Looks like you never dug into dirt.


----------



## Bayside500 (May 16, 2009)

looks good, but you put the WC flange on now ?

there is now way that would last here LOL


----------



## futz (Sep 17, 2009)

DUNBAR PLUMBING said:


> I don't see a spec of dirt in that building, unless that's it. And if it is... send me about 3.8 billion tons of it because it's nothing but clay here in KY.


Inside the footings it's all river sand. It's so much cheaper than the good stuff that that's all we get inside. Good packable sand (road mulch) and gravel outside the footings. Digging down to that test wye I hit a little clay on the edges, but otherwise all good sand.

In Delta and Richmond sand is all we see. The Fraser River shipping channels are constantly being dredged and they have to move that junk sand somewhere...

In nearby Surrey they like to fill the footings with pea gravel. Horrible stuff - you dig the ditch 20 times to get down to where you want to be.

Up country, like where I used to live (Kelowna) the digging is all either rocks or clay. Tough going there.



> Looks like you never dug into dirt.


Nope. Never touched the stuff except a couple shovelfuls at the test wye.


----------



## futz (Sep 17, 2009)

Bayside500 said:


> looks good, but you put the WC flange on now?
> 
> there is now way that would last here LOL


Lots of guys don't, but I like to do it that way. It's set so the bottom ends up flush with the top of pour. It has putty in the slots and anchor screws in the holes to lock it to the slab. I have well trained local concrete guys who do a good job of it. Not your usual miserable b.astard concrete crew.


----------



## OldSchool (Jan 30, 2010)

futz said:


> Lots of guys don't, but I like to do it that way. It's set so the bottom ends up flush with the top of pour. I have well trained local concrete guys who do a good job of it.
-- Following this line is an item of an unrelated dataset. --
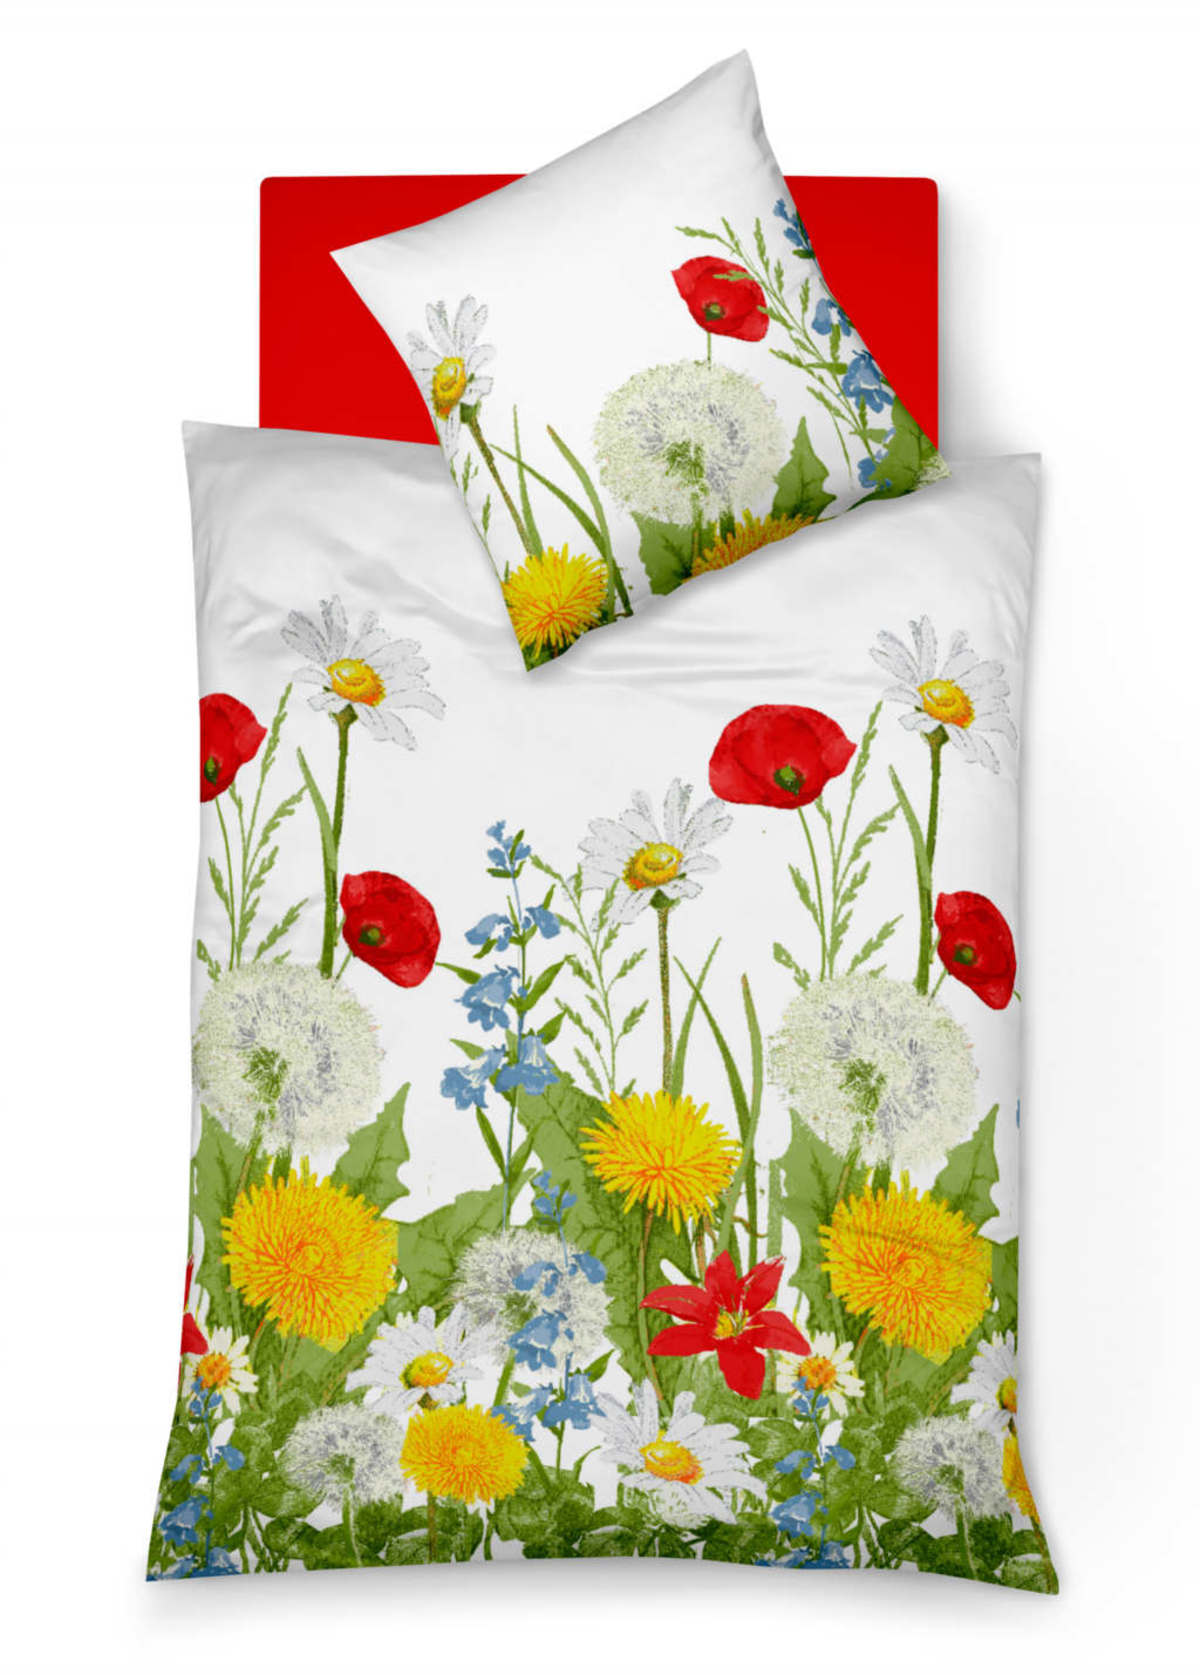 Blumen-Bettwäsche mit Pusteblume und Mohnblume

Not your usual miserable b.astard concrete crew.


Over here we are allowed to use a 4x3 ABS 90 and after the finnished concrete a ABS floor flange fits perfect inside of a 4" pipe.


----------



## ROCKSTARPLUMBER (Dec 14, 2008)

Are those combination waste and vents coming off your toilets?


----------



## ROCKSTARPLUMBER (Dec 14, 2008)

Another question, you guys frame up the house before you do the underground, or is that just in the winter months or something? I am just asking, I have never seen it done that way before.


----------



## plbgbiz (Aug 27, 2010)

DUNBAR PLUMBING said:


> ... send me about 3.8 billion tons of it because it's nothing but clay here in KY...


Ditto for us Mr. D.

I never get to dig in sand.


----------



## futz (Sep 17, 2009)

ROCKSTARPLUMBER said:


> Are those combination waste and vents coming off your toilets?


Yes, it's a 2" wet vent. 

There's only the one toilet so far. The others are upstairs. One will get a 3" wet vent, picking up the lav, for the one required 3" stack to the roof, and the other will get a 2" wet vent, picking up a pair of lavs.


----------



## futz (Sep 17, 2009)

ROCKSTARPLUMBER said:


> Another question, you guys frame up the house before you do the underground, or is that just in the winter months or something? I am just asking, I have never seen it done that way before.
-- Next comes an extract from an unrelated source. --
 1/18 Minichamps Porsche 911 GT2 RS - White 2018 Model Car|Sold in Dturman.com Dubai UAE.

I refuse to do undergrounds (unless absolutely necessary) until they have at least the second floor deck on. Not only are houses these days full of engineered beams to make that open plan look on the main floor work, but I just want to know for sure exactly where the joists are going to be in relation to my stubs. Nobody wants to drop a ceiling for me if I guess and stub up in the wrong place. It's nigh impossible to get it right by studying the plans - I've tried often enough. The plans aren't always exactly crystal clear on what they're going to do. These pipes have to be planned from where I stub out of the slab right up to the attic. I don't have much leeway on where I can go - I got tin knockers and electricians and vacuum guys and others that all need space in there too.

And it's winter on the Wet Coast! Around here it can *pour* rain for weeks at a time without a letup - perfectly normal. I spent the first two days in driving rain with the roof sheeted but not shingled - water dripping down my neck all day.  They got it mostly roofed by the end of the second day, so I got to do the last half day in the dry. So, ya, I don't wanna even think about starting the UG until they have the roof on or just going on.

Some guys like to drag their ladders into the ditches and do the above-slab RI at the same time. I think that's just stupid - it's super difficult, it wrecks your ladders and gets sand in the drill motors. The day after they backframe after the pour I'm in there roughing in the above-slab.


----------



## futz (Sep 17, 2009)

OldSchool said:


> Over here we are allowed to use a 4x3 ABS 90 and after the finnished concrete a ABS floor flange fits perfect inside of a 4" pipe.


With a flush fit flange, ya. Lots of guys do that here. It's not such a bad way to go. I just never got in the habit. I've always done it this way in houses.


----------



## Will (Jun 6, 2010)

Nice work Futz.


----------



## plumbpro (Mar 10, 2010)

I like the flush fit flanges, until recently. They don't fit right, either the pipe is out of shape, or they changed the flages I use. They will almost bottom out without glue on them, thus, once glued they won't hold 10' head without leaking a little.
All we have here is "miserable ******* concrete crews". That flange would either be covered in concreted, or broken off.


----------



## Will (Jun 6, 2010)

same here, I stub up 4" then cut it flush with the finished concrete. concrete crews would cover that up here.


----------



## user2090 (Sep 26, 2009)

Fine looking work there. Love the pictures, please keep them coming. 

That is some fine looking digging. Rarely, is it good digging here.


----------



## Lifer (Nov 23, 2010)

Very nice looking work .. very neat :thumbsup:

How long would it take you to do an underground of that size ..?


----------



## Pipe Rat (Apr 5, 2009)

Futz if it was a miserable day and a half for you working in the rain until the roofers got done I bet it was a really miserable day and a half for the roofers. :laughing:


----------



## futz (Sep 17, 2009)

Pipe Rat said:


> Futz if it was a miserable day and a half for you working in the rain until the roofers got done I bet it was a really miserable day and a half for the roofers. :laughing:


Heh  Poor babies. They should have stayed in school. :laughing: Roofing on the wet coast is almost always nasty.



Lifer said:


> How long would it take you to do an underground of that size?


Two and a half days (just me - no slaves). A typical house around here takes three days. This one was pretty small.


----------